┌────────

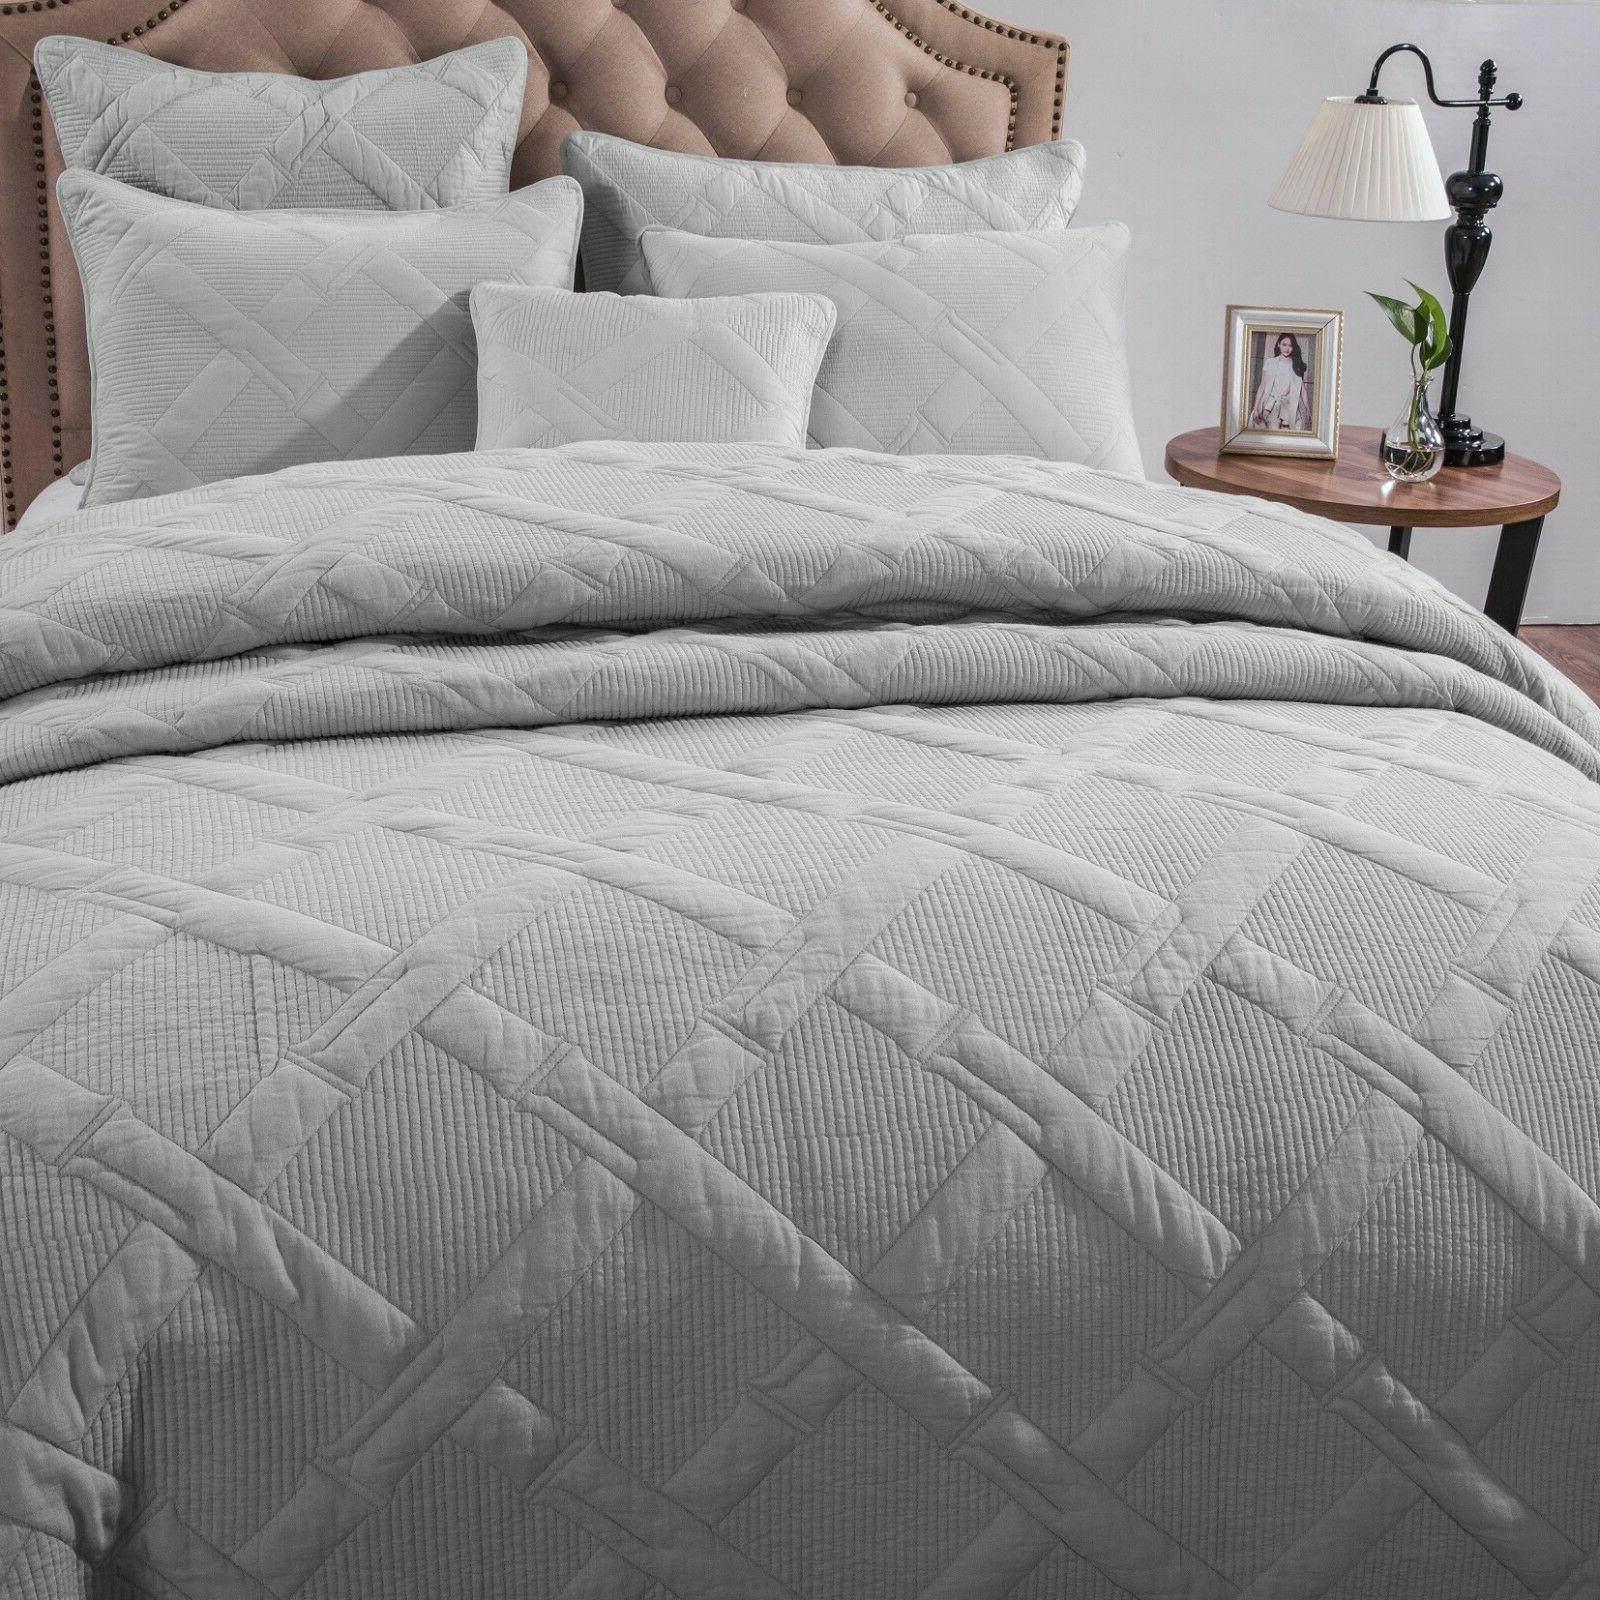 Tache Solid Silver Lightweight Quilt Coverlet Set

└────────
┌────────

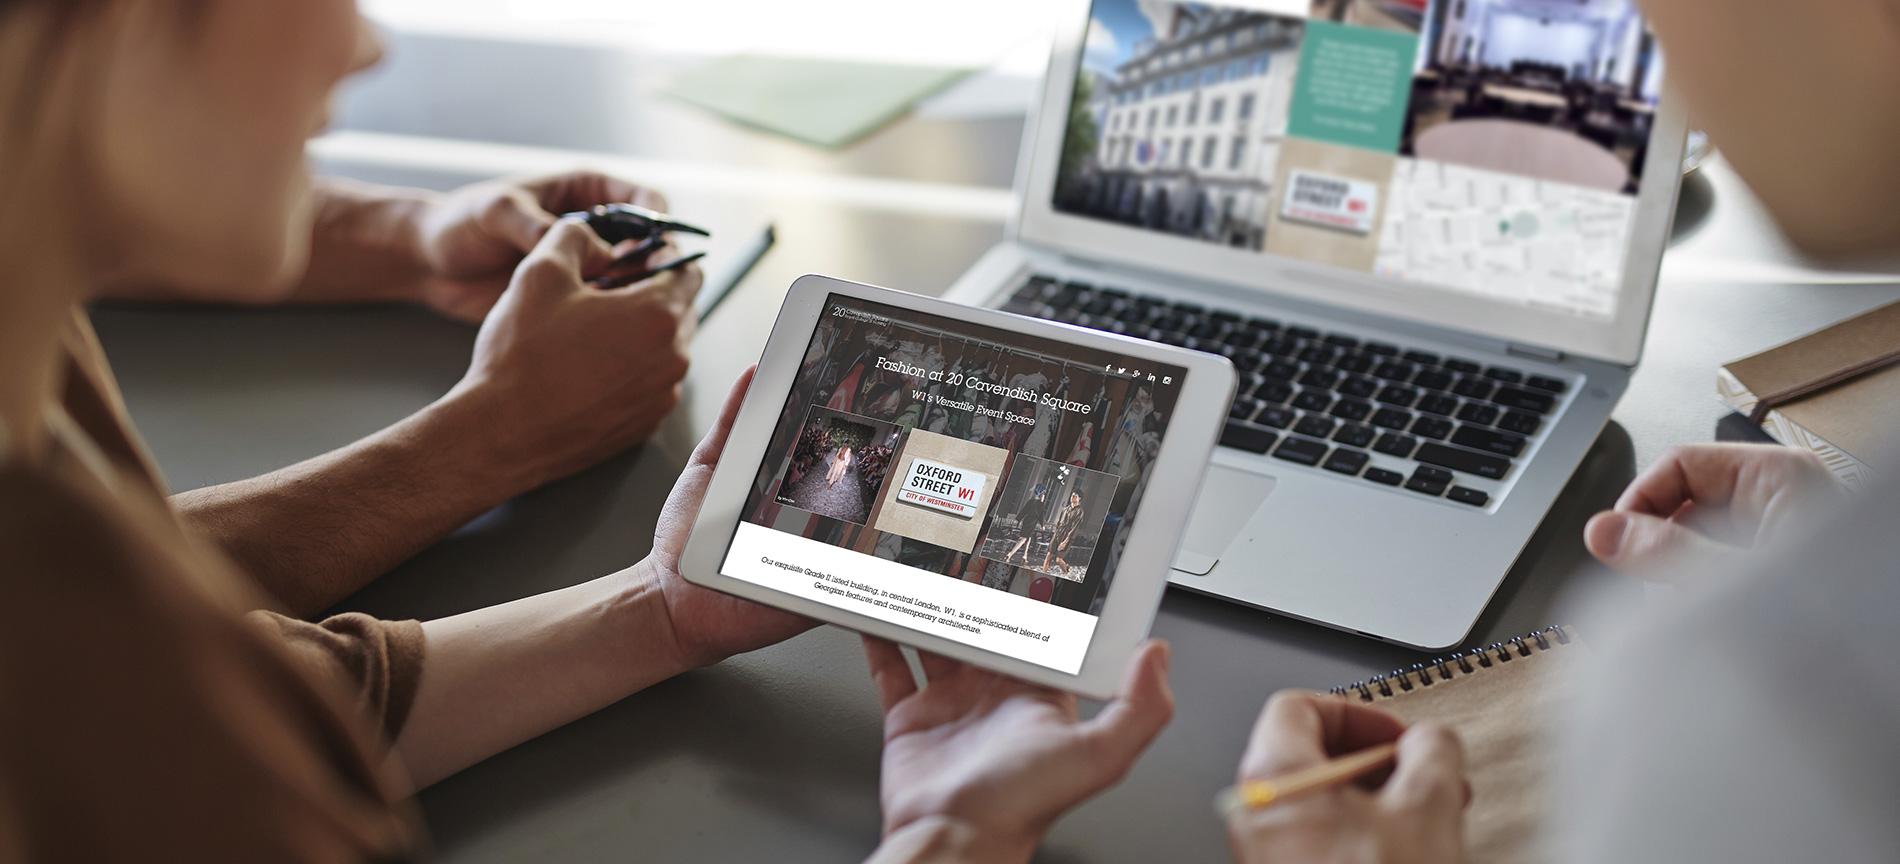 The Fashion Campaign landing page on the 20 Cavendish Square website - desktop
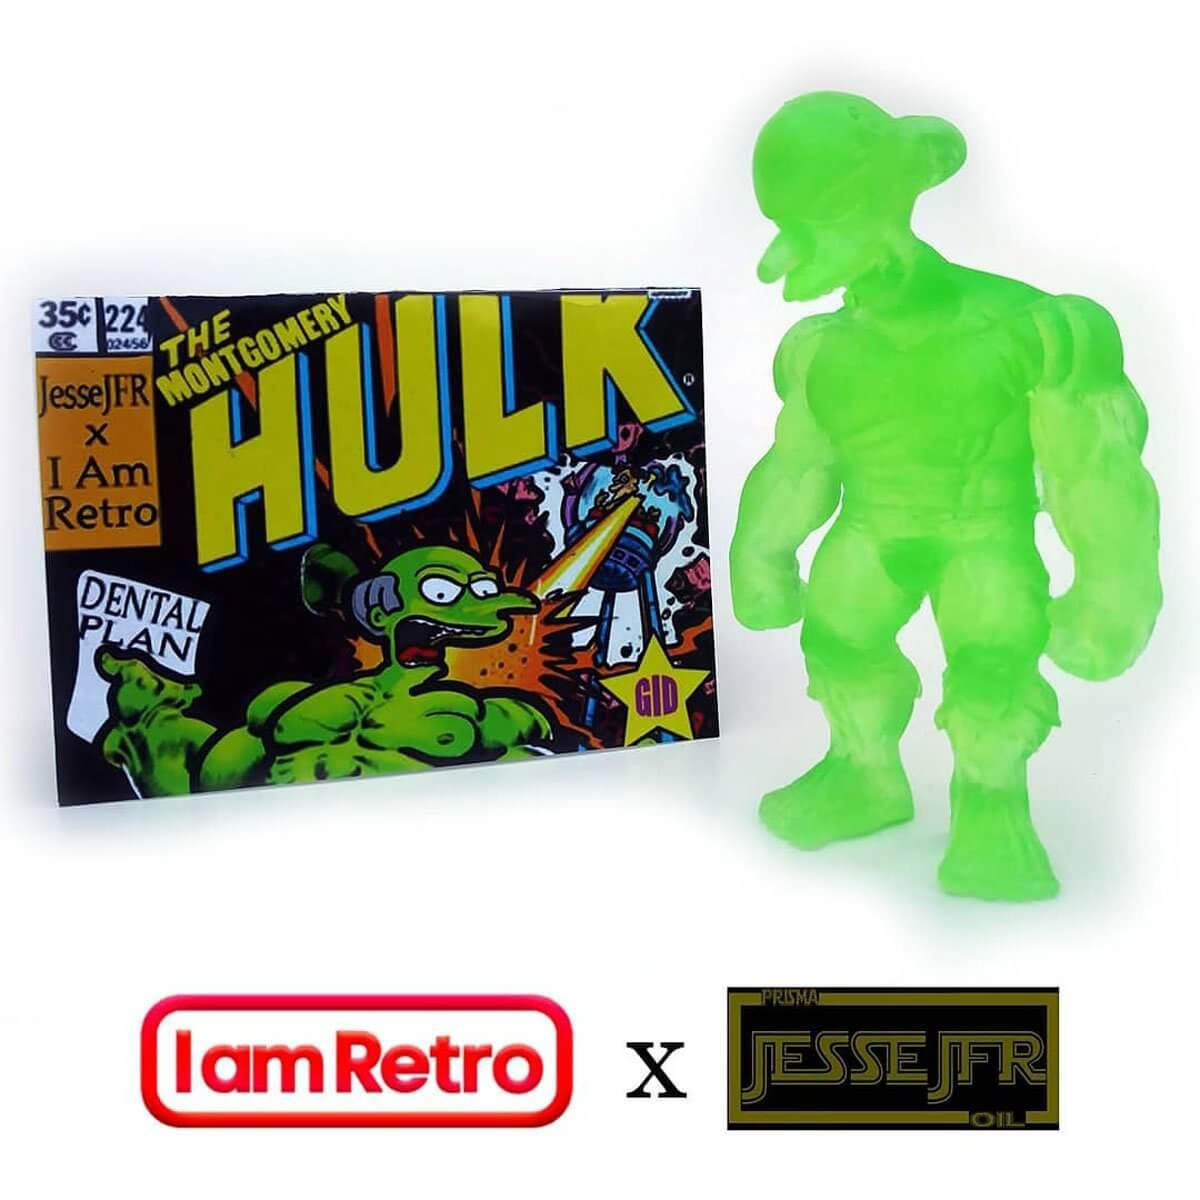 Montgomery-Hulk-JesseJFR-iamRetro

└────────

In the records above, find the line with "The Fashion Campaign" and the line with "Montgomery-Hulk-JesseJFR-iamRetro", then restate word for word only those two lines and all lines between, omitting pictures.

 The Fashion Campaign landing page on the 20 Cavendish Square website - desktop
 Montgomery-Hulk-JesseJFR-iamRetro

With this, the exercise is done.